By tyrant Life dethron'd, imprison'd, pain'd?
By Death enlarg'd, ennobled, deified?
Death but intombs the body, life the soul.

Is Death then guiltless? How he marks his way With dreadful waste of what deserves to shine! Art, genius, fortune, elevated power!

With various lustres these light up the world,
Which Death puts out, and darkens human race.'
I grant, Lorenzo! this indictment just:

The sage, peer, potentate, king, conqueror!
Death humbles these; more barbarous Life, the

man.

Life is the triumph of our mouldering clay;
Death of the spirit infinite! divine!

Death has no dread but what frail life imparts,
Nor life true joy but what kind death improves.
No bliss has life to boast, till death can give
Far greater. Life's a debtor to the grave;
Dark lattice! letting in eternal day.

Lorenzo! blush at fondness for a life
Which sends celestial souls on errands vile,
To cater for the sense, and serve at boards
Where every ranger of the wilds, perhaps
Each reptile, justly claims our upper-hand.
Luxurious feast! a soul, a soul immortal,
In all the dainties of a brute bemir'd!
Lorenzo! blush at terror for a death

Which gives thee to repose in festive bowers,
Where nectars sparkle, angels minister,
And more than angels share, and raise, and crown,
And eternize, the birth, bloom, bursts of bliss.
What need I more?-O Death! the palm is thine.
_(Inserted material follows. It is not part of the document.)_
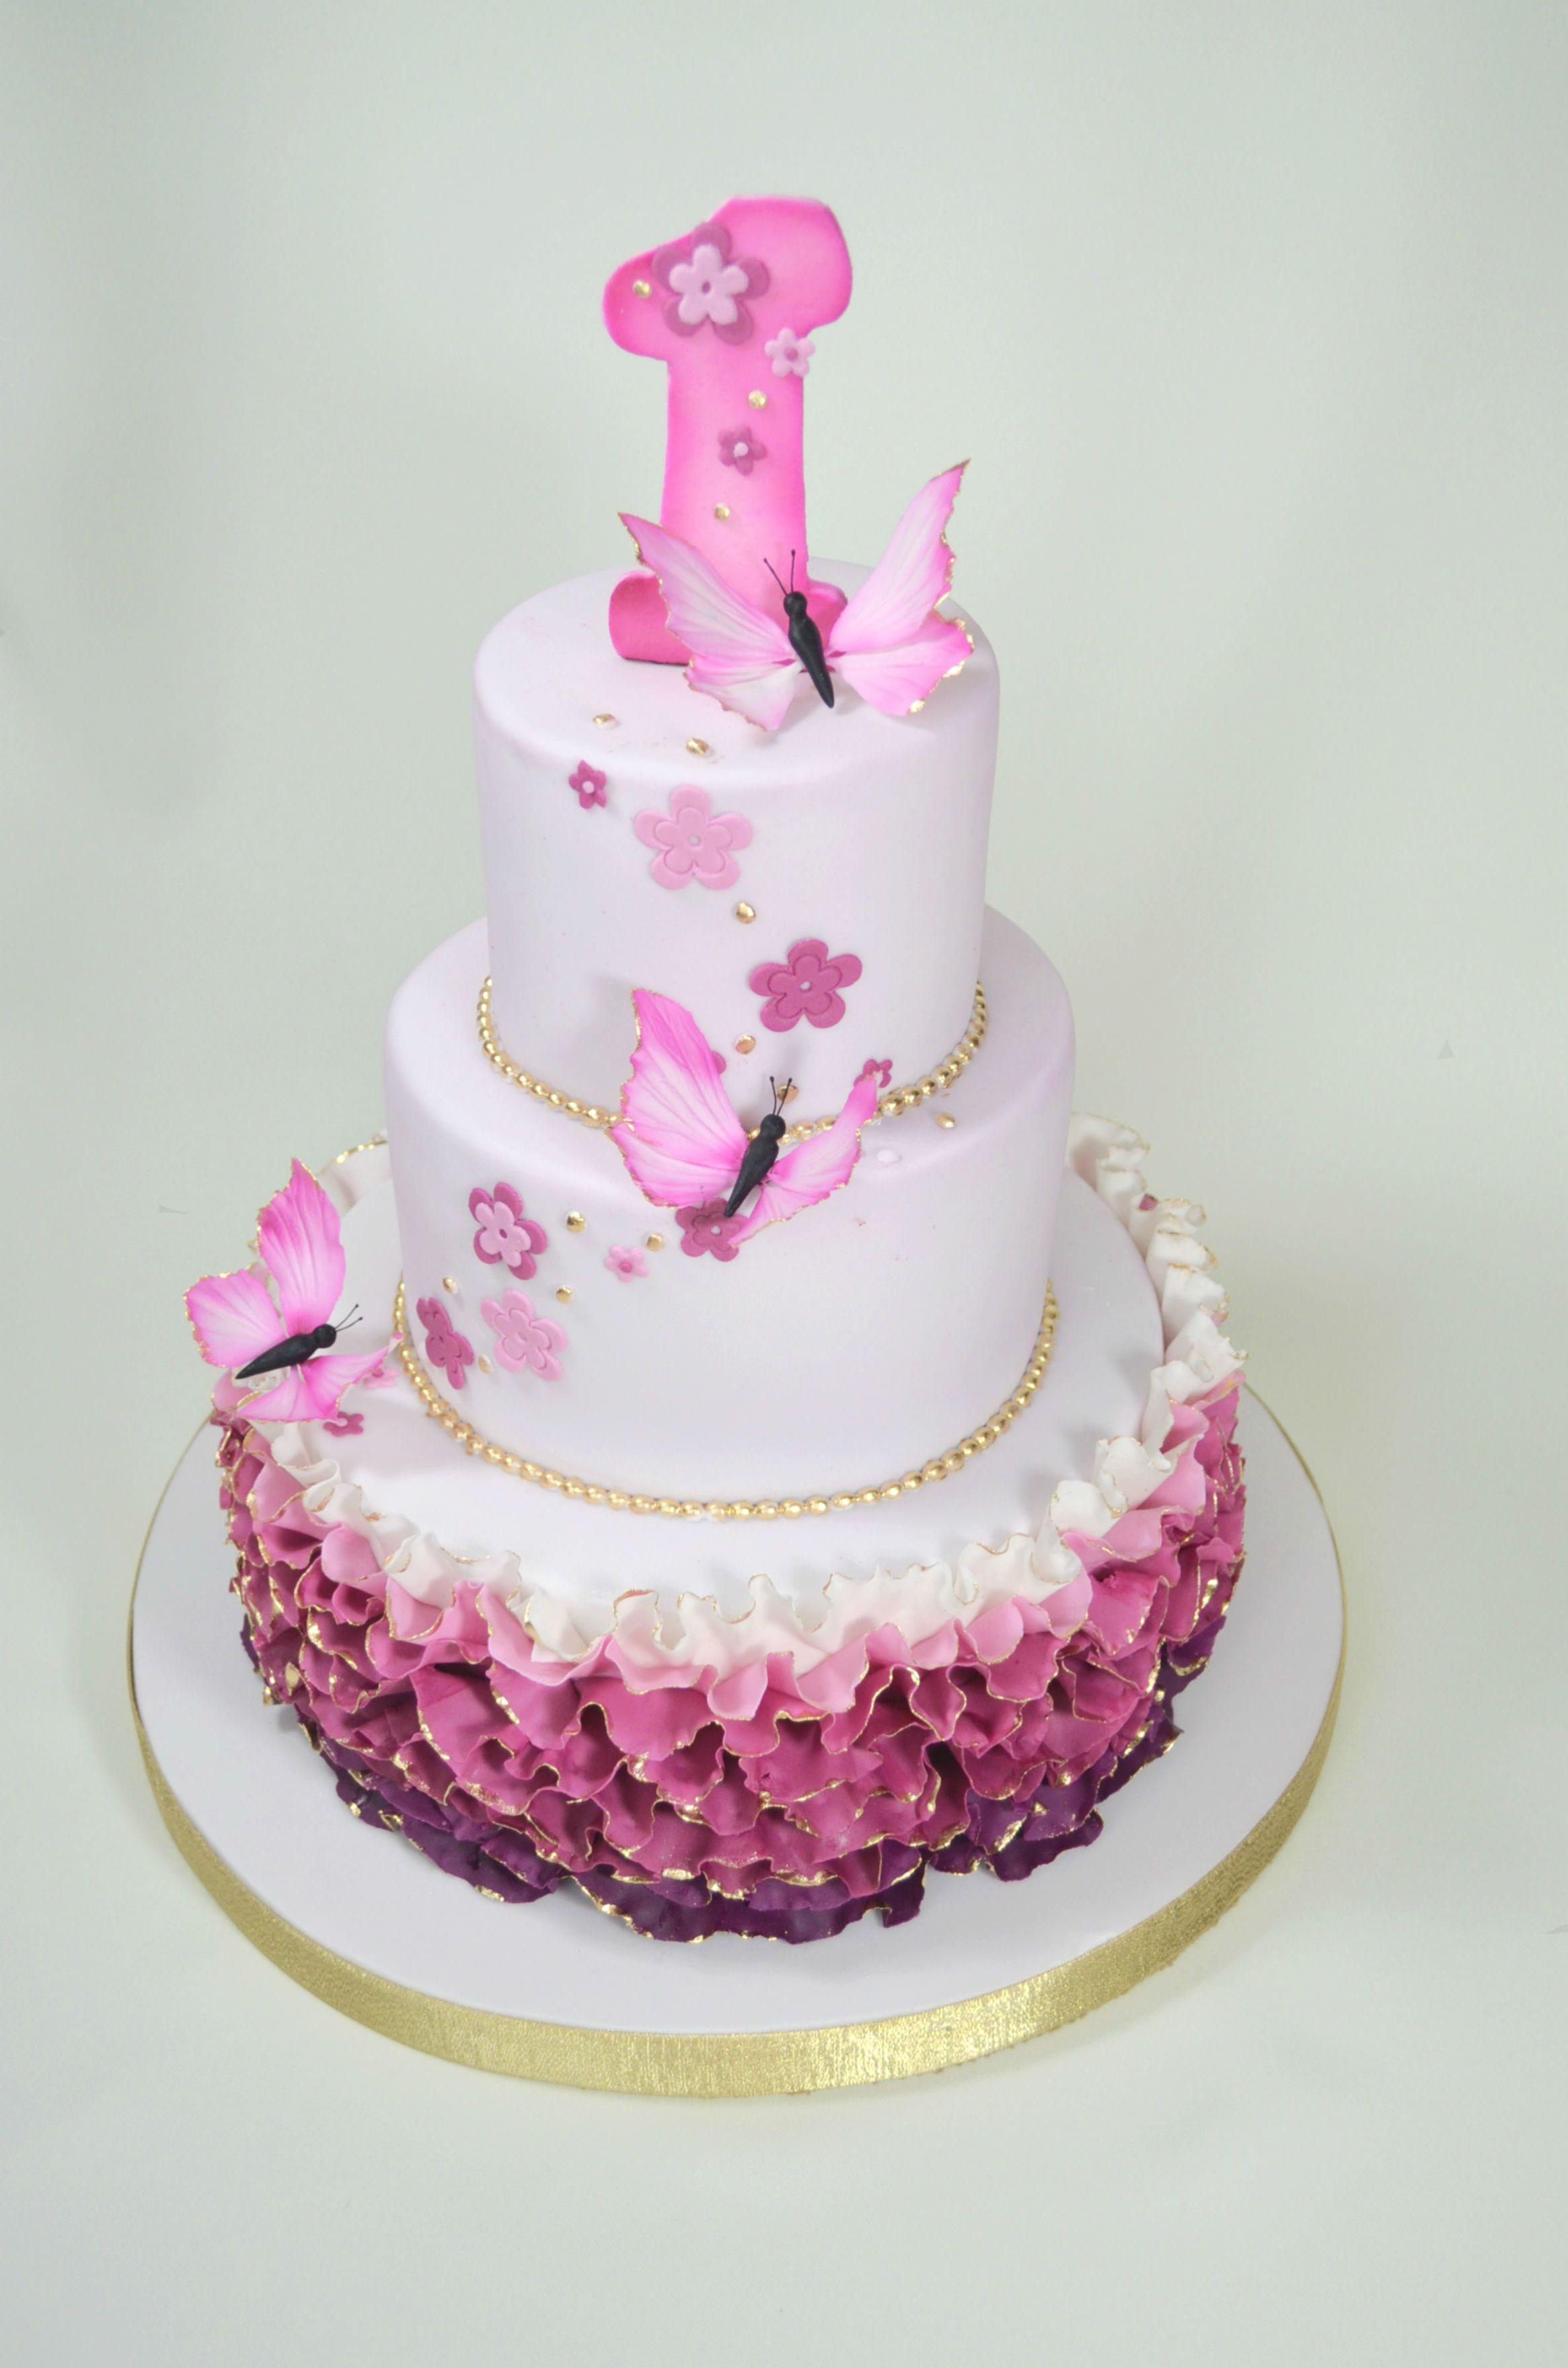 Strange 25Jpg With Images Butterfly Birthday Cakes First Birthday Cakes Funny Birthday Cards Online Inifofree Goldxyz

Then welcome, Death! thy dreaded harbingers,

Age and disease; Disease, though long my guest,
That plucks my nerves, those tender strings of life,
Which pluck'd a little more will toll the bell
That calls my few friends to my funeral;
Where feeble Nature drops, perhaps, a tear,
While Reason and Religion, better taught,
Congratulate the dead, and crown his tomb
With wreath triumphant. Death is victory;
It binds in chains the raging ills of life:
Lust and Ambition, Wrath and Avarice,
Dragg'd at his chariot-wheel, applaud his power.
That ills corrosive, cares importunate,
Are not immortal too, O Death! is thine.
Our day of dissolution!-name it right,
'Tis our great pay-day; 'tis our harvest, rich
And ripe. What though the sickle, sometimes keen,
Just scars us as we reap the golden grain;

More than thy balm, O Gilead! heals the wound.
Birth's feeble cry, and Death's deep dismal groan,
Are slender tributes low-tax'd Nature pays
For mighty gain: the gain of each a life!
But, O! the last the former so transcends,
Life dies compar'd; Life lives beyond the grave.
And feel I, Death! no joy from thought of thee?
Death! the great counsellor, who man inspires
With every nobler thought and fairer deed!
Death! the deliverer, who rescues man!

Death! the rewarder, who the rescued crowns!
Death! that absolves my birth, a curse without it!
Rich Death! that realizes all my cares,
Toils, virtues, hopes; without it a chimera!
Death! of all pain the period, not of joy;
Joy's source and subject still subsist unhurt;
One in my soul, and one in her great sire,

Though the four winds were warring for my dust.
Yes, and from winds and waves, and central night,
Though prison'd there, my dust, too, I reclaim,
(To dust when drop proud Nature's proudest
spheres)

And live entire. Death is the crown of life:
Were death denied, poor man would live in vain :
Were death denied, to live would not be life:
Were death denied, ev'n fools would wish to die.
Death wounds to cure; we fall, we rise, we reign!
Spring from our fetters, fasten in the skies,
Where blooming Eden withers in our sight.
Death gives us more than was in Eden lost:
This king of terrors is the prince of peace.
When shall I die to vanity, pain, death?
When shall I die?-when shall I live for ever?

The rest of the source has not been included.